GM was served with a class-action suit. The suit comes from users of 2007 and 2008 Impalas. The case claims that faulty rear spindle rods are causing wheels to wear too quickly. In 2008 General Motors tackled the matter for Impalas sold as law enforcement vehicles, but not to consumer car owners. The suit could cost the business millions. The business may even require installment loans to pay for it all.
Faulty spindle rods
Last week, a lawsuit was filed in Detroit federal court. It said the cars would, due to the faulty rear spindle rods, make wheels to wear prematurely as the alignment would get off.
“Despite having knowledge of this premature wear problem, (GM) has not recalled the subject cars, which has required class members to pay the cost of fixing the defective spindle rods as well as for replacement tires and realignment,” the law suit states.
The suit was submitted by Donna Trusky in Blakely, Pa. She wants the faulty rods to be fixed by General Motors. Right now, she is the only person in the lawsuit.
Only 6,000 miles before replacing
In Feb. 2008, Trusky bought her Impala. She states she only drove 6,000 miles before having to replace them. The issue of the spindle rod was not disclosed although the dealership exchanged the tires and aligned the vehicle. In November, Trusky failed an annual inspection due to wear on the rear tires. She still hadn’t driven over 25,000 miles. She had not gone far. Trusky said she got concerned when she heard about the 2008 recall of the police versions of the Impala. It was a GM bulletin she read that gave her the information.
Other customers complain
In 2007 and 2008, over 400,000 Impalas were sold by General Motors. Lots of grievances have come from other owners with the lawsuit. There were two times one owner had to replace his tires. This was in less than two years also.
“(I) Was told by my dealership that GM knows about this problem and has come out with a … kit to fix problem, but I had to purchase it. Excessive wear is a safety problem, and I guess people have to die for action to be taken.”
The National Highway Traffic Safety Administration got a complaint that said, “The vehicle has 45,000 miles on it and this is the second set of wheels in 6,000 miles.” A 2008 Impala with only 41,000 miles on it had to have wheels changed three times, one said.
Differences in law enforcement automobiles questioned
Consumers got a different version than law enforcement did with the Impala, General Motors said.
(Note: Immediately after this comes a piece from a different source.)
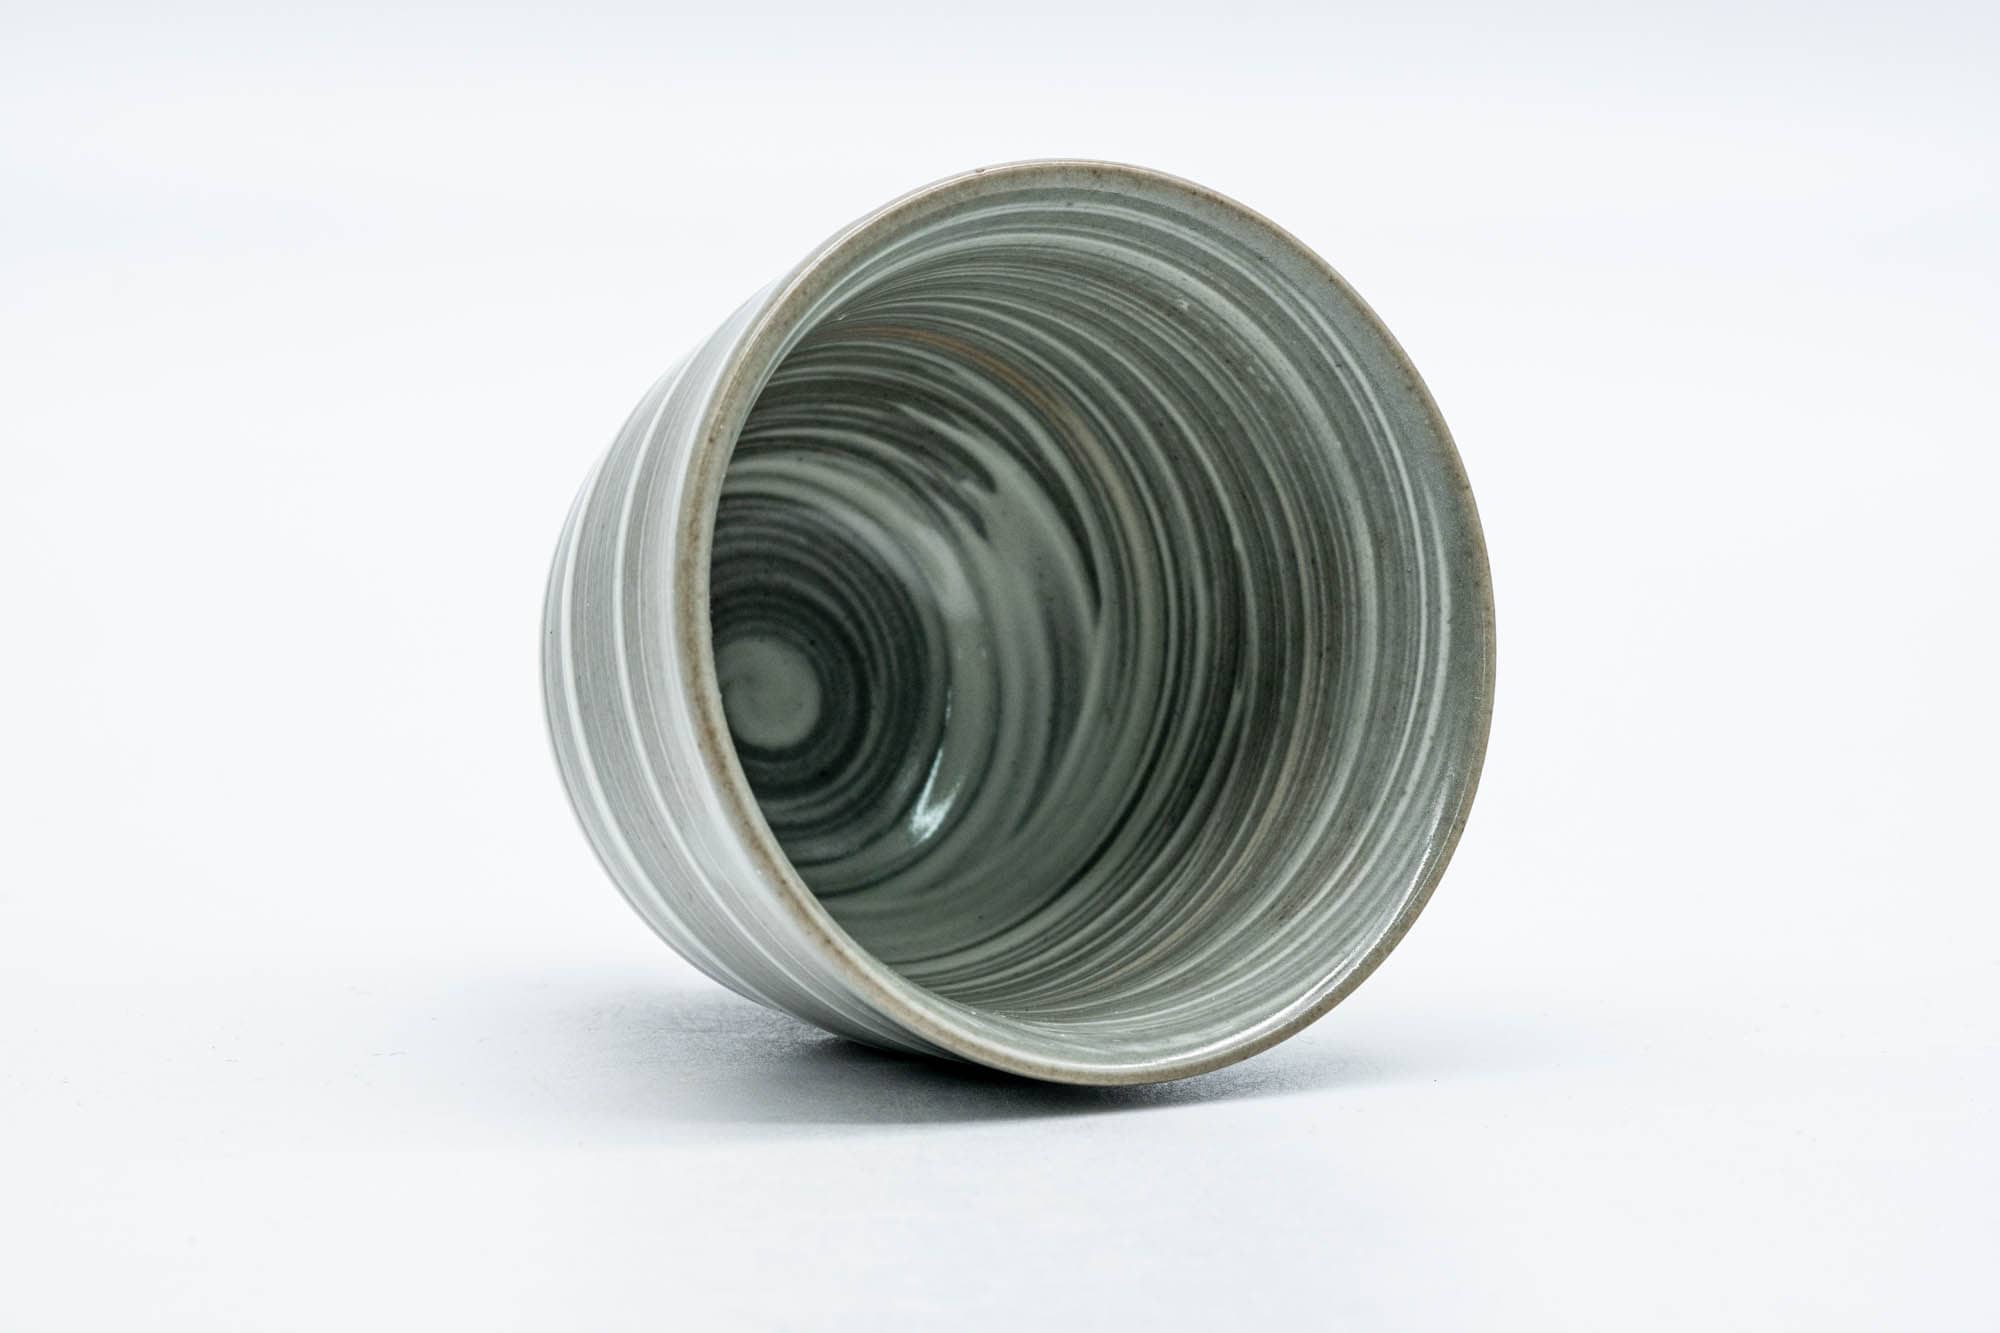 Japanese Teacup - Spiraling Grey White Glazed Yunomi - 130ml

This came from General Motors spokeswoman Carolyn Normandin who said the problem was only in law enforcement automobiles. She said that those automobiles have a different suspension system intended for the needs of law enforcement.
David Fink is the attorney on the suit. He said the spindle rods and rear wheels were not impacted by the modifications at all. “We do not think there is a meaningful difference in terms of the defect,” he explained.